На этот раз он пробыл в тюрьме три года и два месяца. В силу какого-то манифеста он подпал под "амнистию" и был выпущен, но его минимальная свобода была ограничена так называемым "минусом 6": запрещением въезда в шесть главных городов и во все морские гавани. Местом жительства он выбрал Калугу. Благодаря вниманию и доброте местного латинского священника (о.Иоанна Павловича), он имел возможность устроиться с относительным удобством, а главное - мог служить обедню. Паства (всего человек 50) была вся латинская, и его восточная служба вызывала сначала недоумение и даже смущение, но авторитетное слово о.Иоанна сразу положило этому конец.

"Iternum et iternum" (снова и снова), - записывает экзарх, - всё в нашей миссии зависит от отношения к нам наших латинских коллег". О его прихожанах в Москве и Петрограде доходили до него печальные известия. "Тридцать шесть моих лучших прихожан, - пишет он, - опять сидят по тюрьмам и ссылкам. Среди них есть старушки, да вдобавок еще и больные. Не отличаются здоровьем и другие мои верные чада. Их ест цинга (на Соловках и в Сибири), туберкулез и другие немощи. Раскинуты они по всему пространству нашего необъятного отечества... Сидят, как говорится, ни за что, ни про что, или вернее за то, что они русские католики. Но телесная их немощь с избытком покрывается божественной благодатью. Их редкие письма дышат такой ясностью духа, таким смирением перед волей Провидения, такой радостью за свои страдания во Христе, что мне остается только благодарить Бога и учиться у Него христианской стойкости".
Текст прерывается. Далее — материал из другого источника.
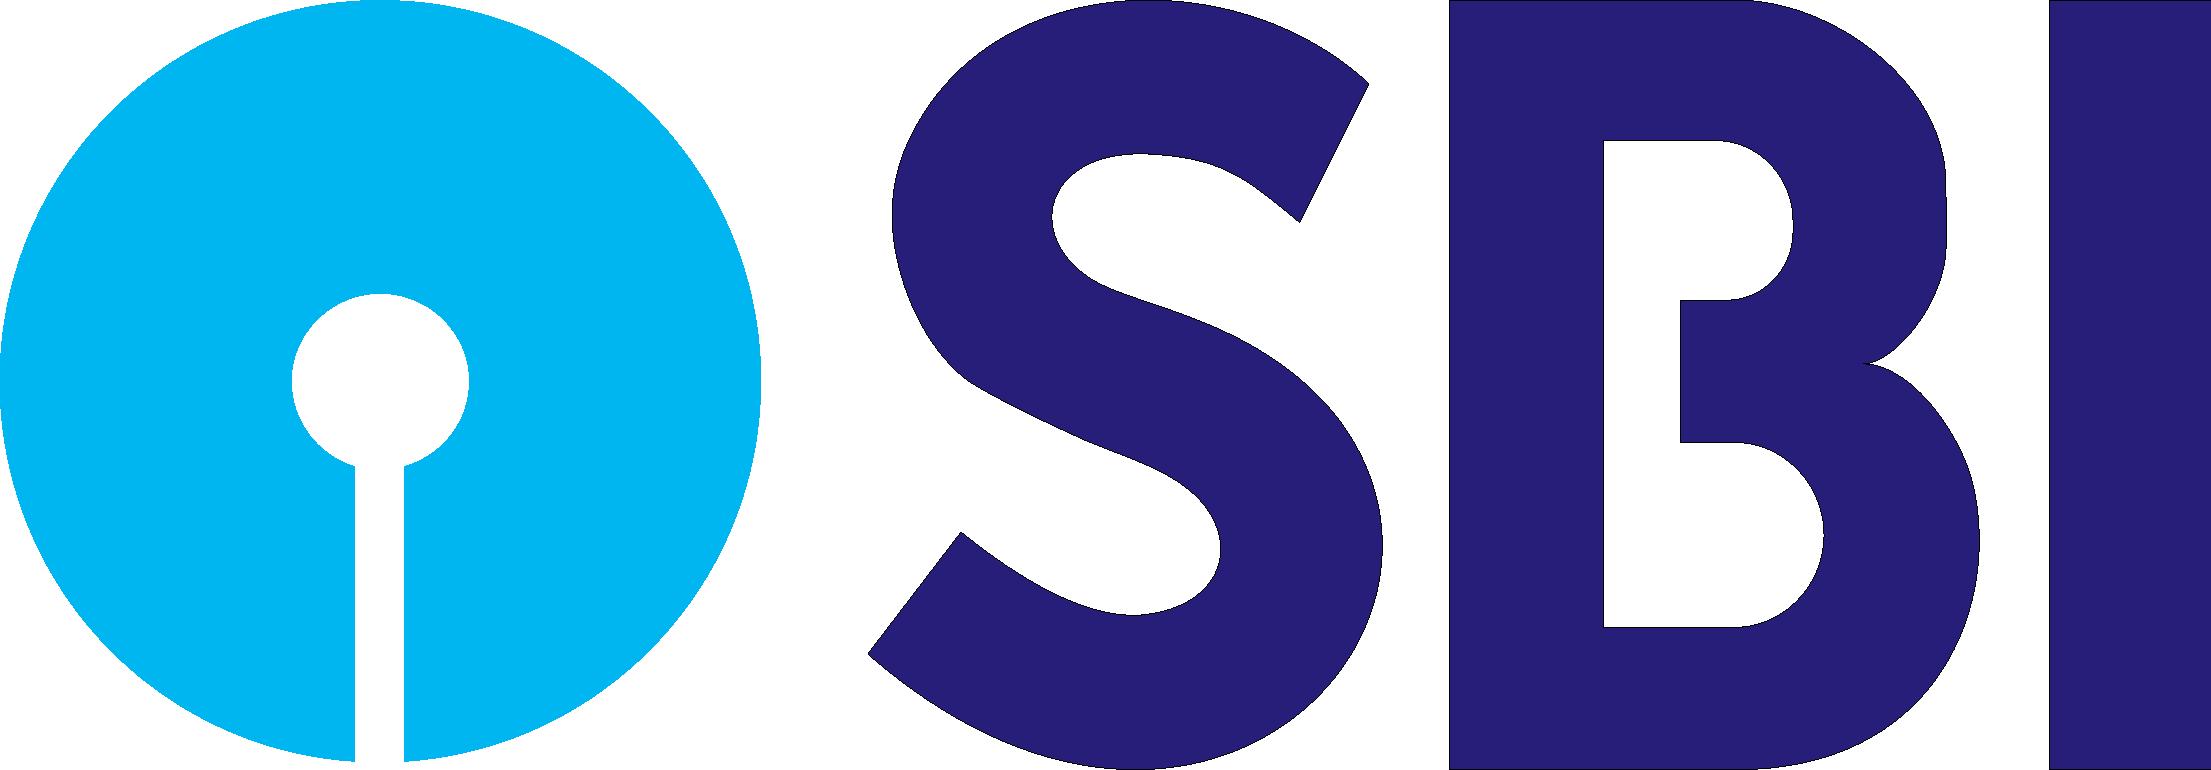 sbi logo [State Bank of India Group] Vector EPS Free Download, Logo.

Это письмо, помеченное 23-им мая 1926 года, - последнее известие, которое дошло до нас непосредственно от самого экзарха. Заканчивается оно словами: "Хотелось бы мне, чтобы как-нибудь было доведено до сведения Святейшего Отца, что я так глубоко тронут его заботами обо мне недостойном, что мне становится подчас стыдно за такое незаслуженное участие и что я думаю о том счастливом моменте, когда лично смогу поклониться его апостольским стопам".
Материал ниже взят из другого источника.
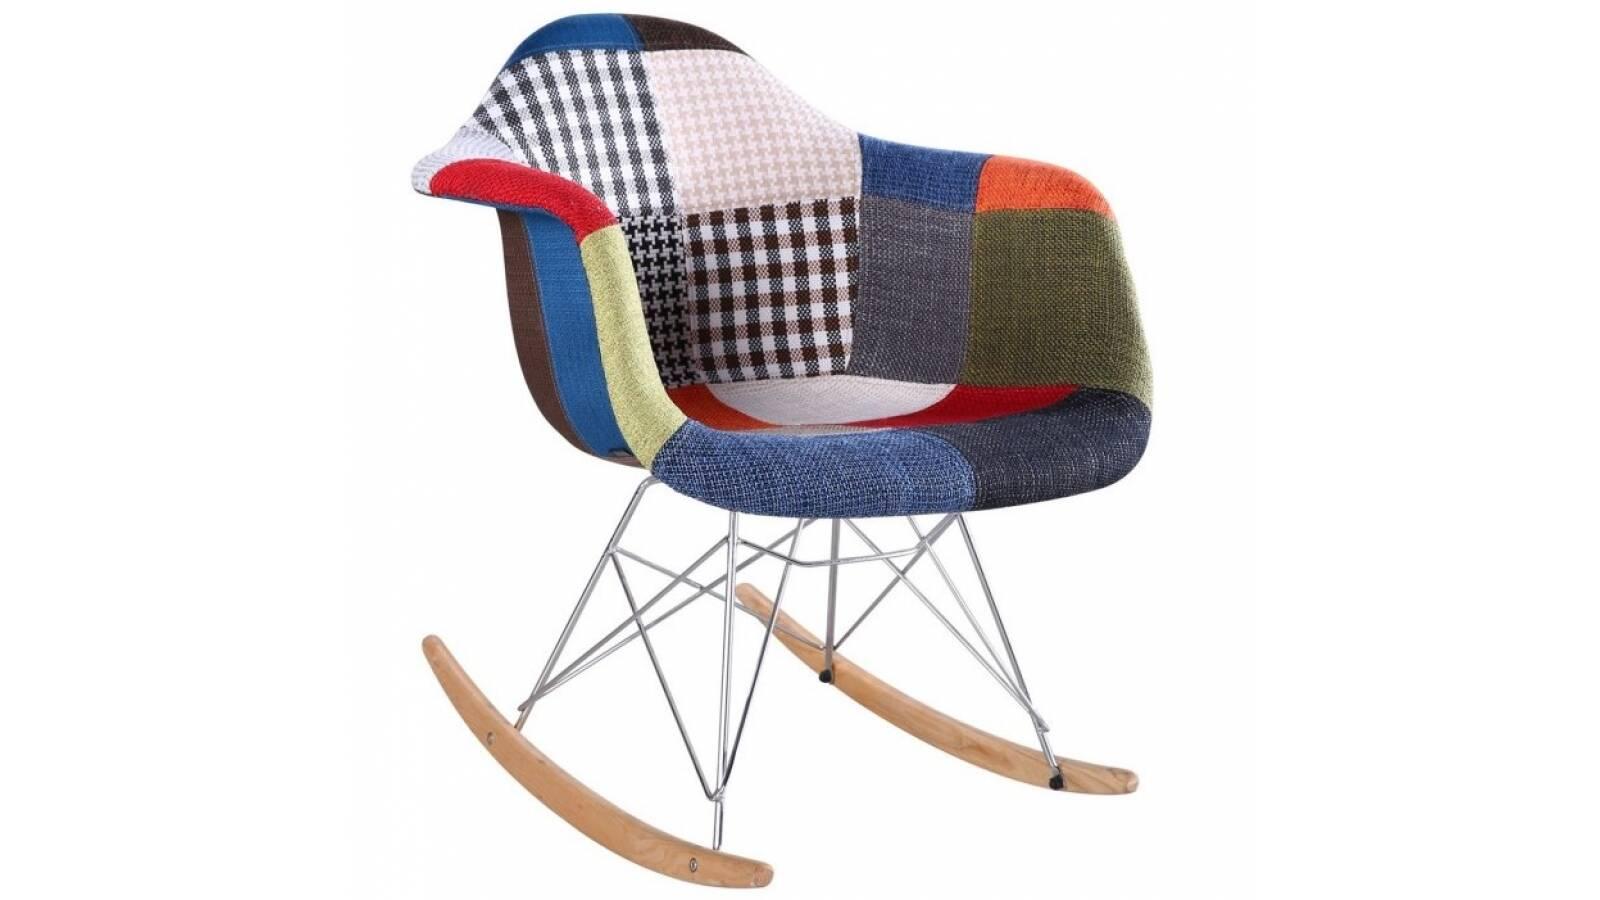 Silla mecedora Patchwork Eames

Отрывочные данные для дальнейшего нашего повествования мы смогли почерпнуть исключительно из уст и письменных воспоминаний других русских католиков, разделивших с ним мытарства по местам заключений и ссылок, конечно тех из них, которым по разным обстоятельствам посчастливилось выйти из советского "рая". Имен их, на данный момент, дать мы не можем.

Недолго пришлось экзарху пользоваться свободой. Прослышали о его освобождении и пребывании в Калуге жители г. Могилев, где он в свои приезды в 1922 году посеял столь благодатные семена сближения между православными, униатами и католиками, и решили просить при-слать им униатского священника для завершения дела Унии. Кого же послать? Все давно арестованы, сосланы... Экзарх поехал сам и своим горячим словом вновь всколыхнул массы верующих.

Бывать в Могилеве ему не возбранялось, но вести униатскую пропаганду было тяжким преступлением. На этот раз уже безо всякого суда, одним административным распоряжением экзарх ссылается на Соловки.